Information provided:

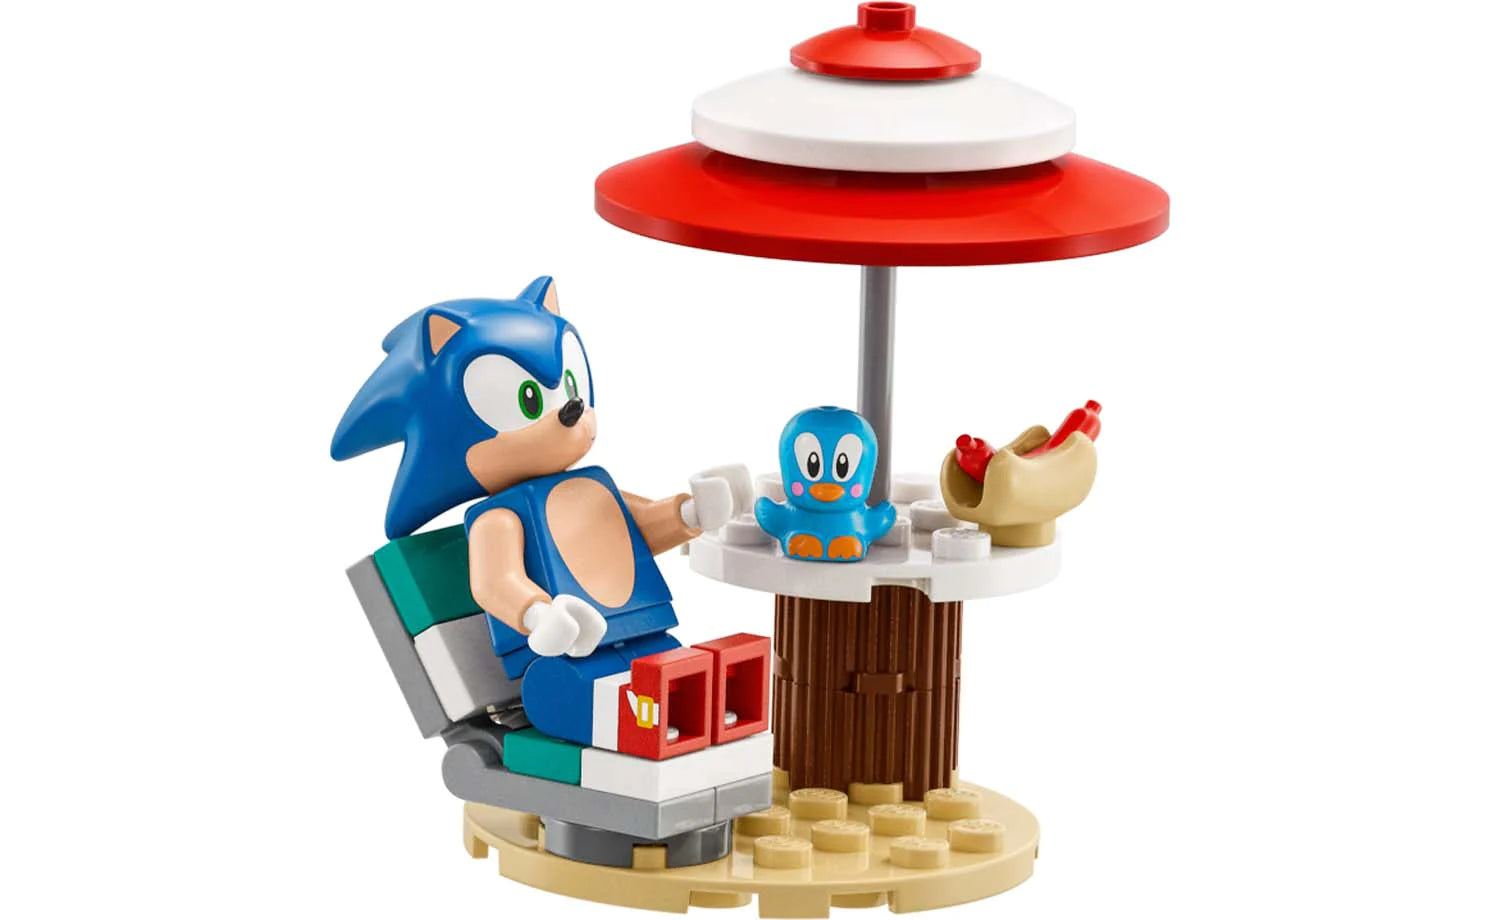 Sonic's Speed Sphere Challenge 76990
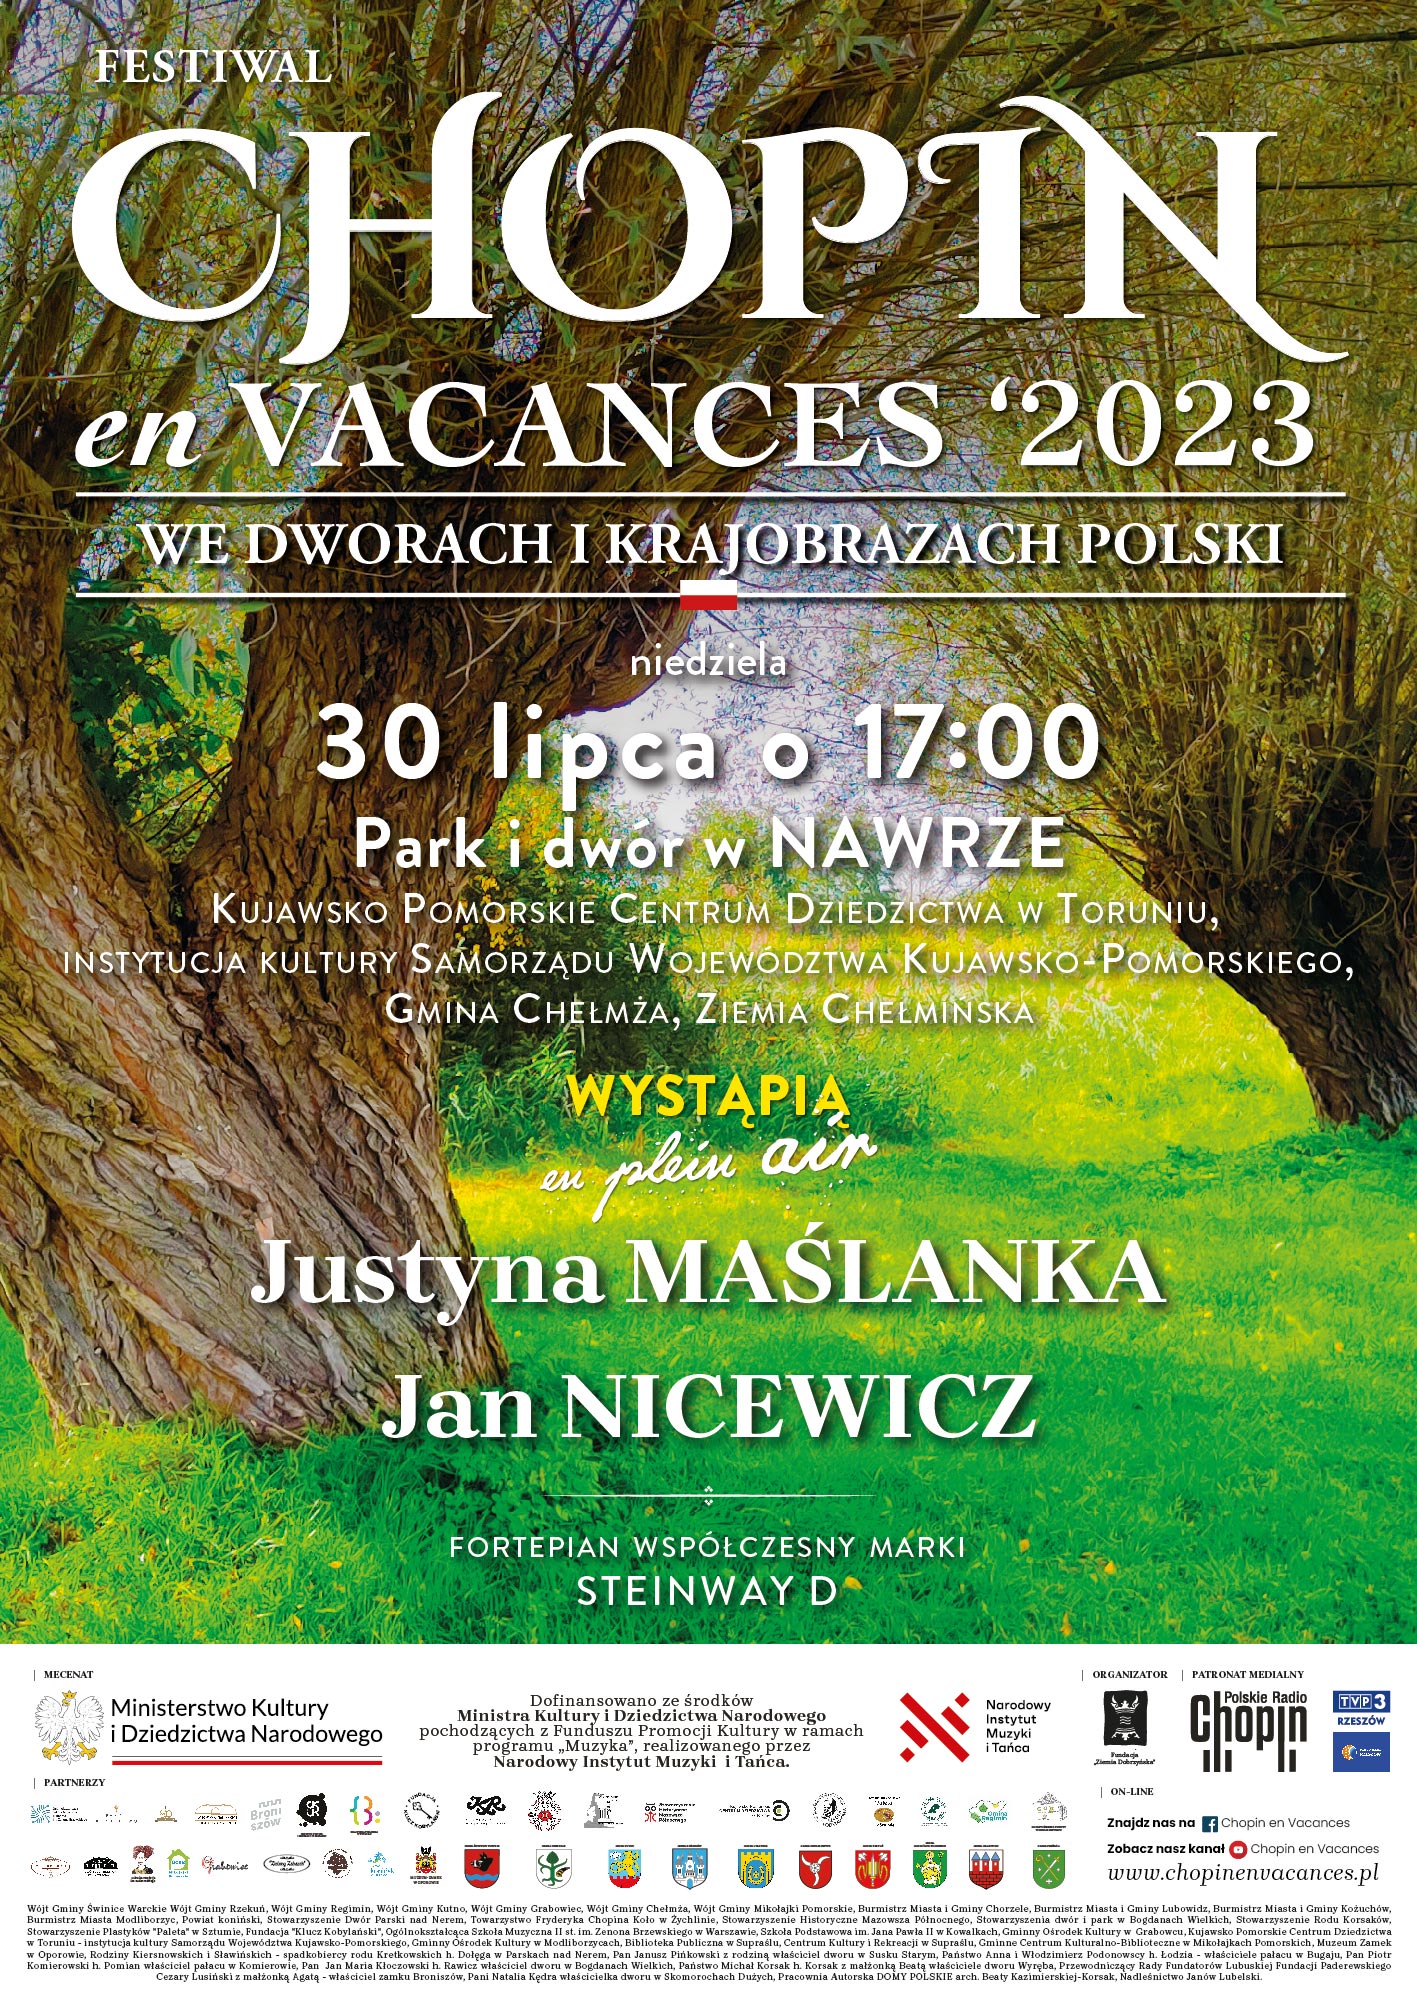 Koncert z cyklu CHOPIN en VACANCES we dworach i krajobrazach Polski
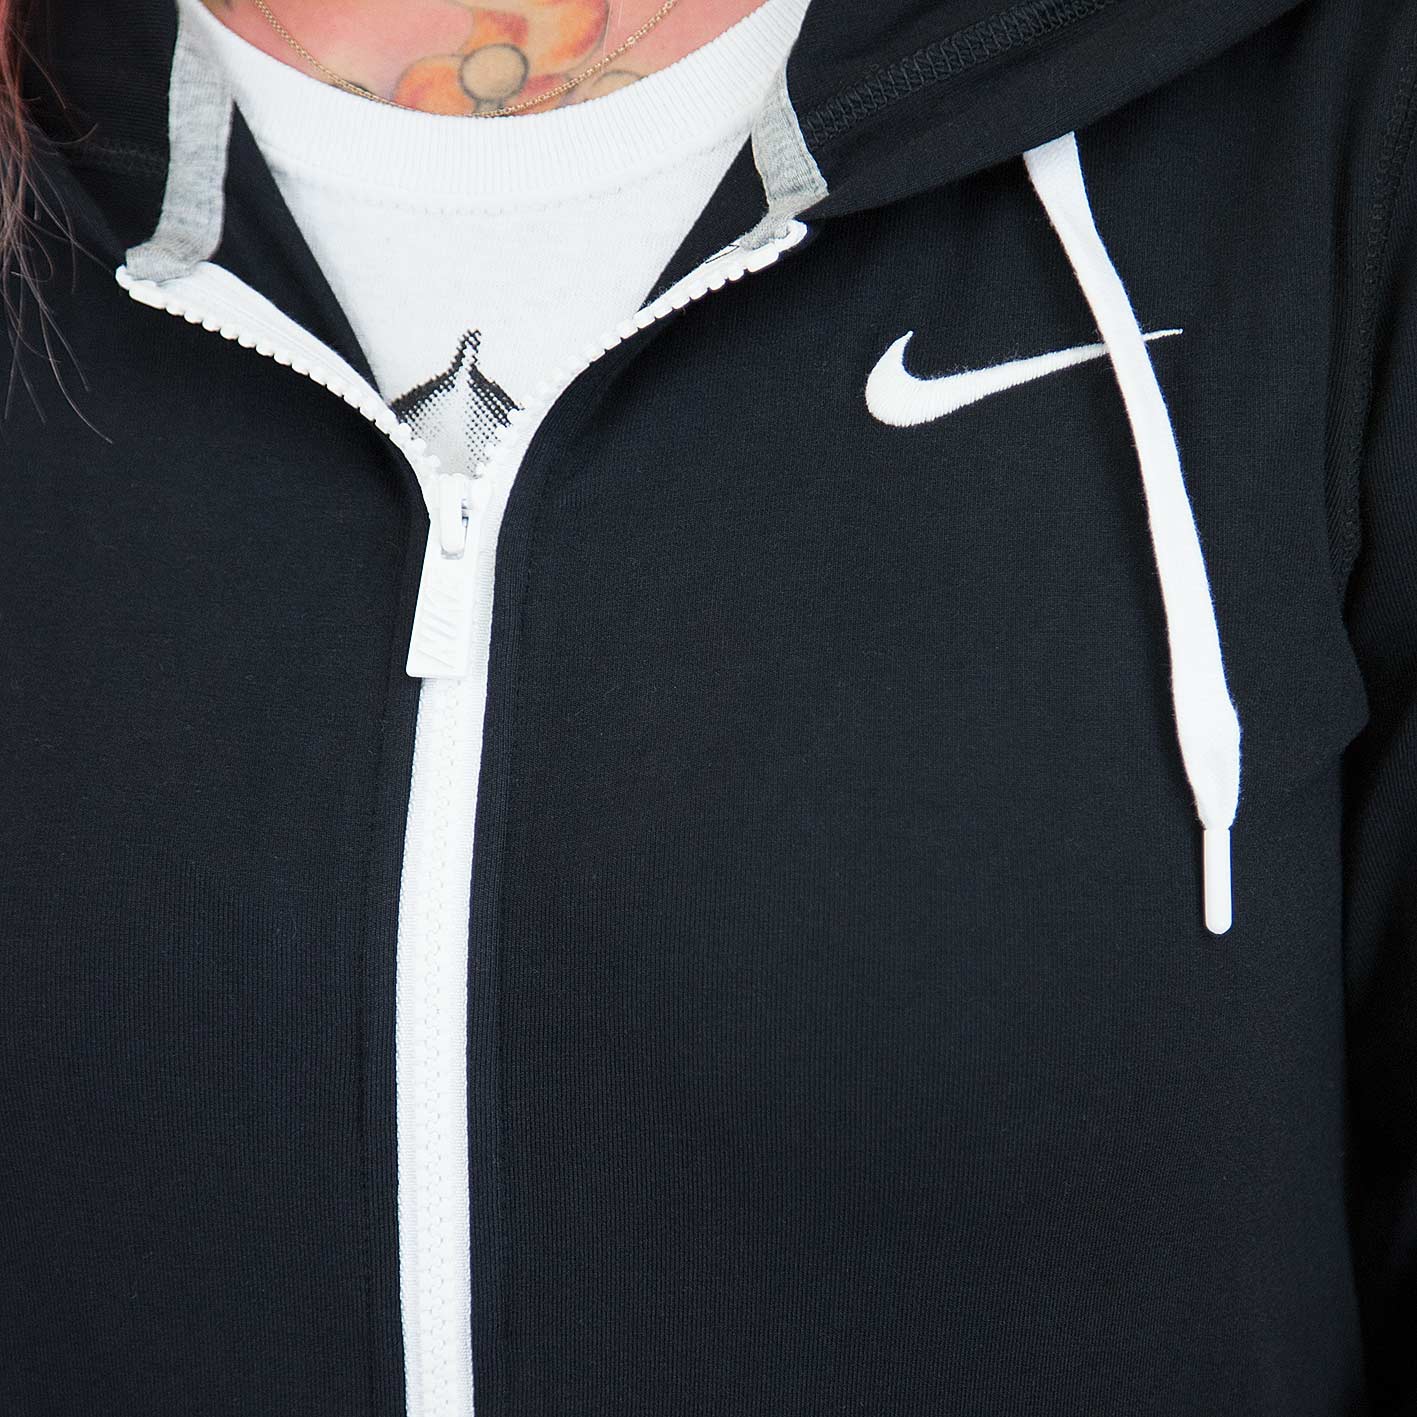 ☆ Nike Damen Zip-Hoody Jersey schwarz/weiß - hier bestellen!

Brief: Repeat the lines above precisely and skip every picture.

Solved exercise:
 Sonic's Speed Sphere Challenge 76990
 Koncert z cyklu CHOPIN en VACANCES we dworach i krajobrazach Polski
 ☆ Nike Damen Zip-Hoody Jersey schwarz/weiß - hier bestellen!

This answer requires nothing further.